Find out what are the functions of NHAI?
Answer:

1. National Highway Authority of India was established in 1995.
2. It is an autonomous body under the ministry of Surface Transport.
3. Management of all major National Highways and the highways entrusted to it.
4. Maintenance, development and operation of the National Highways is undertaken by NHAI.

Question 5.
What are the highlights and benefits of the Golden Quadrilateral Highways? Highlights:
Answer:

• It is the largest Highway project completed in India.
• It is the fifth largest highway project in the world.
• The overall length of the Golden Quadrilateral is 5,846 km.
• The Golden Quadrilateral passes through 13 states of India.
• It connects four major metropolitan cities of the country in four directions.

Benefits:

• Provides faster transport networks between major cities and ports.
• Provides connectivity to major agricultural industrial and cultural centres of India.
• Provides smoother movement of goods and people within the country.
• Enables industrial development and job creation in smaller town through access to varied markets.
• Farmers are able to transport their produce to major cities and towns for sale and export and there is less wastage and spoils.
• More economic growth through construction and indirect demand for steel, cement, and other construction materials.
• Giving an impetus to truck transports.

TB Page No. 162

Question 6.
Why is air travel preferred in the North Eastern State?
Answer:
The North Eastern States are mountainous and forested.
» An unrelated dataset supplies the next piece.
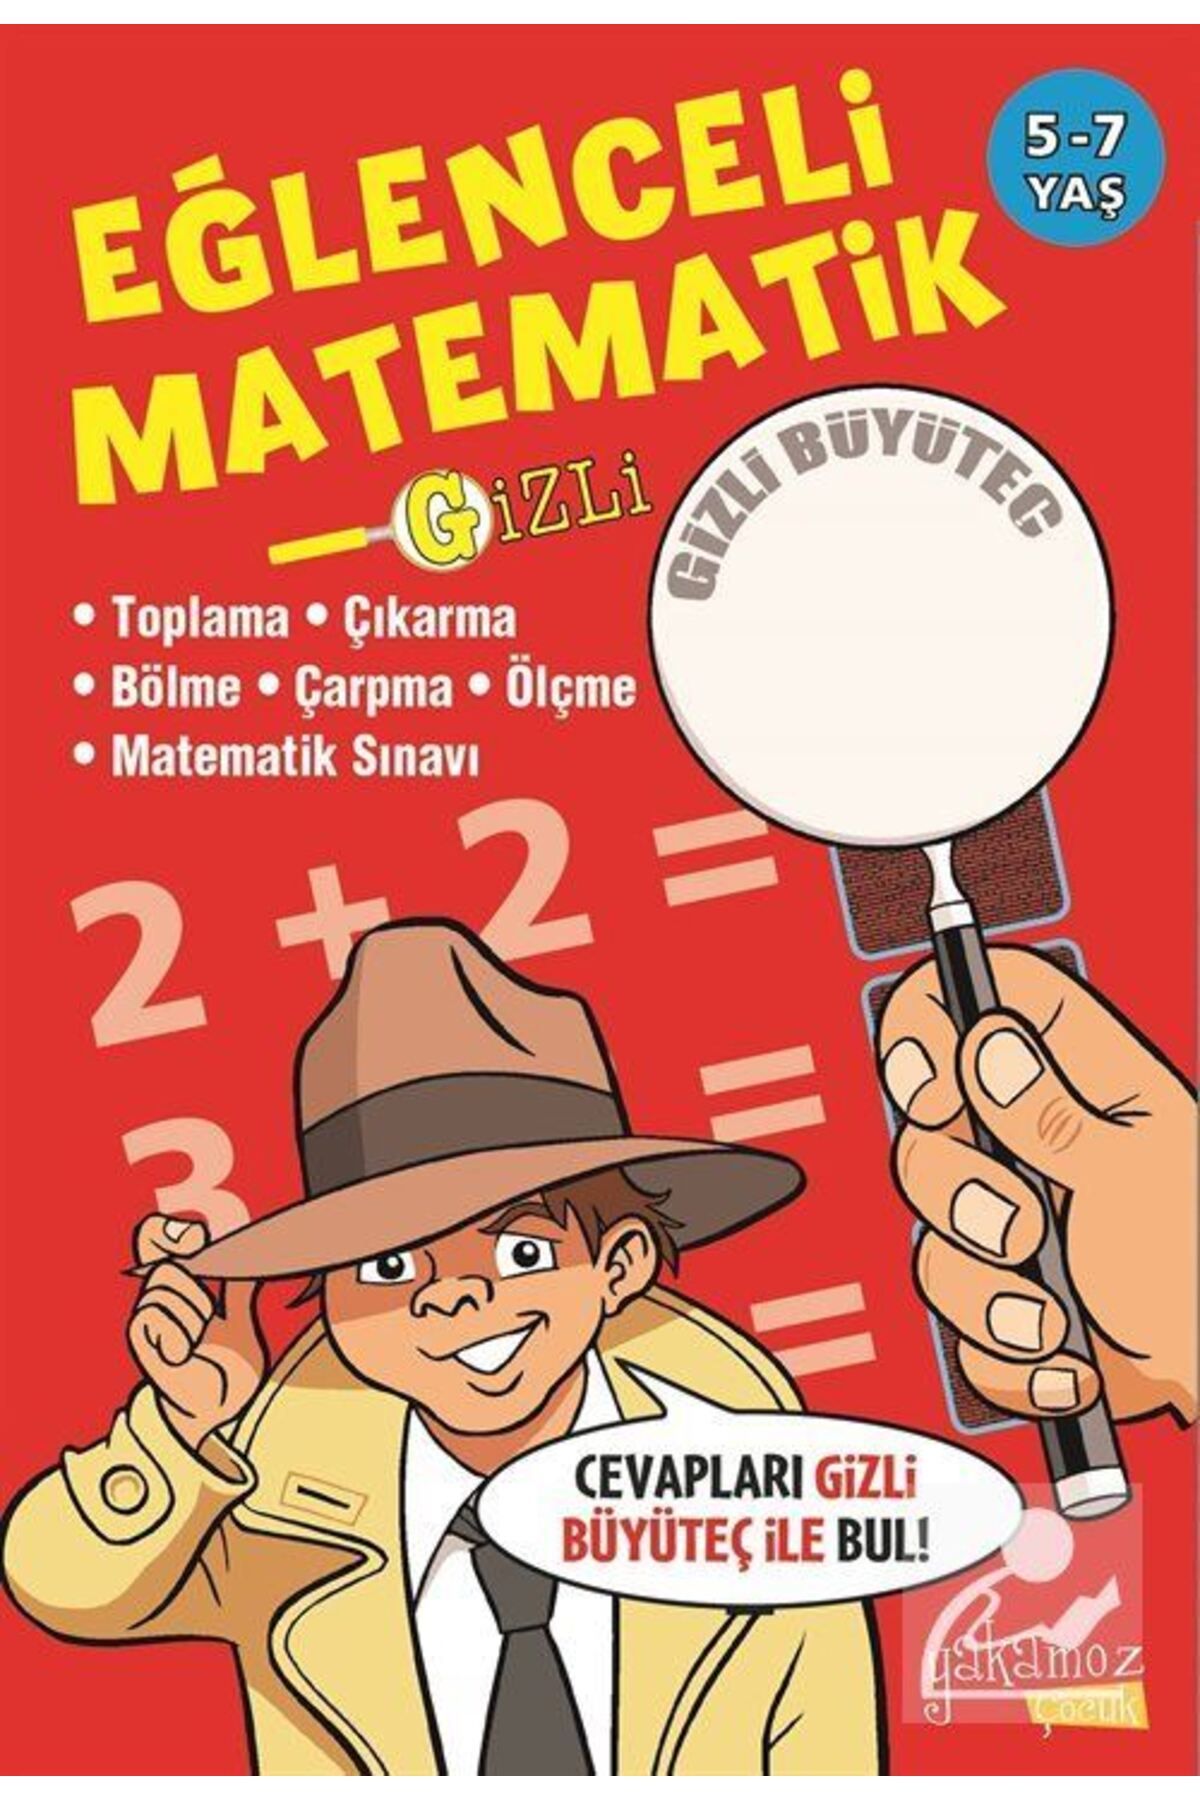 Yakamoz Yayınları Gizli Eğlenceli Matematik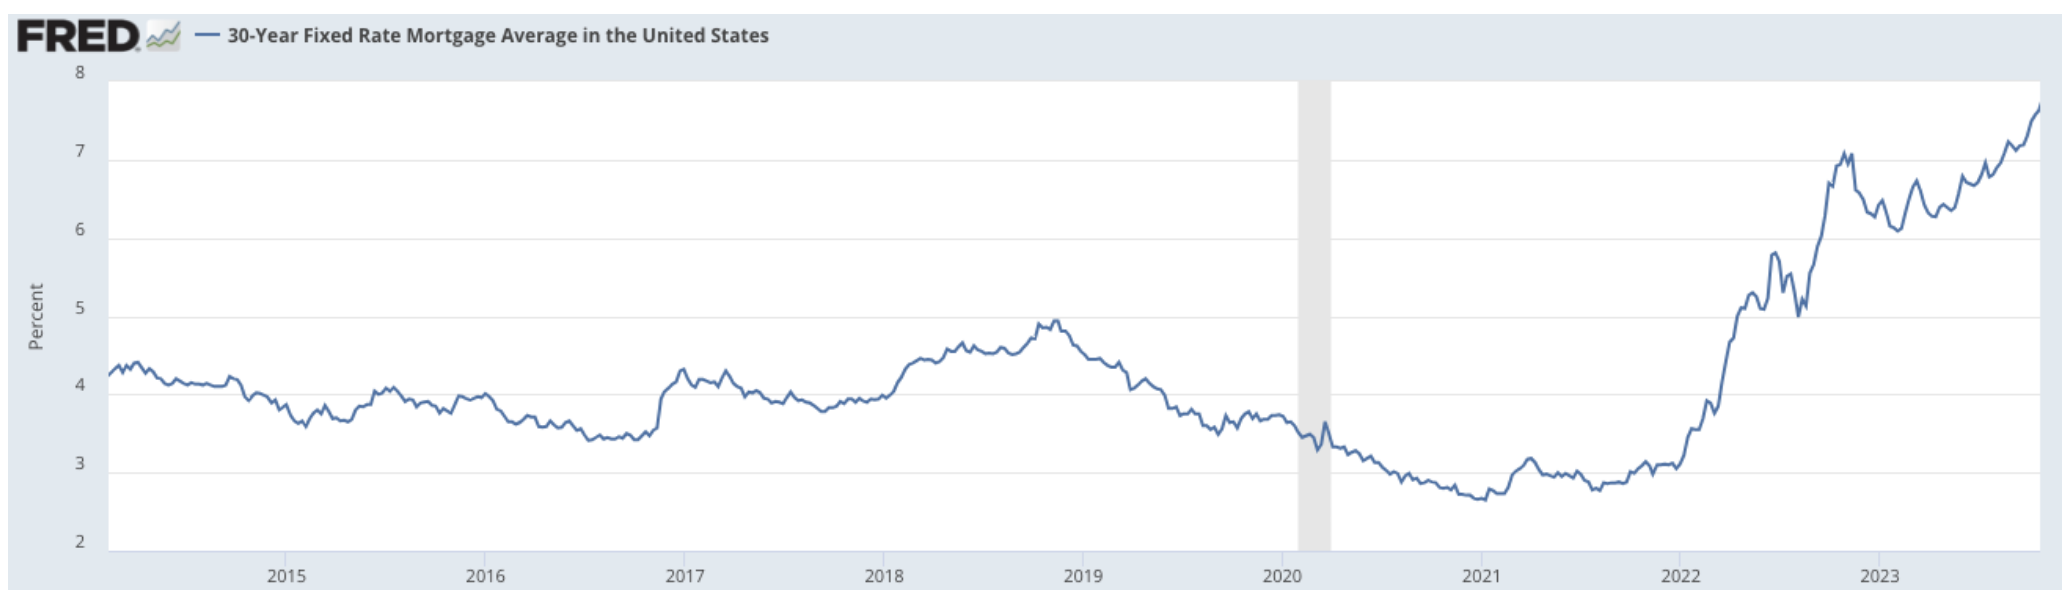 米国の30年固定金利は7.5%の水準に上昇

So construction of roadways or railways is very difficult due to terrains. Air transport has made accessibility easier. So air travel is preferred in the North eastern states.

TB Page No. 165

Question 7.
Find out the major trade blocs which are useful for multilateral trade.
Answer:
Trading blocs are usually groups of countries in specific regions that manage and promote trade activities. Trading blocs lead to trade liberalisation and trade creation between members, since they are treated favourably in comparison to non-members. The World Trade Organisation (WTO) permits the existence of trading bloc provided that they result in lower protection against outside countries than existed before the creation trading bloc.
The most significant trading blocs currently are:

1. European Union (EU): A customs union, a single market and now with a single currency.
2. European Free Trade Area (EFTA)
3. North American Free Trade Agreement (NFATA) between the USA, Canada and Mexico.
4. Mercosur: A customs union between Argentina, Brazil, Paraguay, Uruguay, and Venezuela.
5. Association of Southeast Asian Nations (ASEAN)
6. Association of Free Trade Area (AFTA)
7. Common market of Eastern and Southern Africa (COMESA)
8. South Asian Free Trade Area (SAFTA) created in 2006 with countries such as India and Pakistan.
9. Pacific Alliance: 2013 – a regional trade agreement between Chile, Colombia, Mexico and Peru.

TB Page No. 159
Activity:

Question 1.
Prepare a seminar topic about “Role of Railways in Indian Economy”Key Points:
Answer:

1. Large scale movement
2. National integration promotion
3. Commercialisation of agriculture
4. Movement of perishable goods
5. Avoids traffic congestion how?
6. Engineering marvel
7. Quiz regarding railways

TB Page No. 165

Question 2.
Collect the countries names and make it as a table of Bilateral trade and multilateral trade countries.
Answer:
India has made bilateral trade agreement with these countries.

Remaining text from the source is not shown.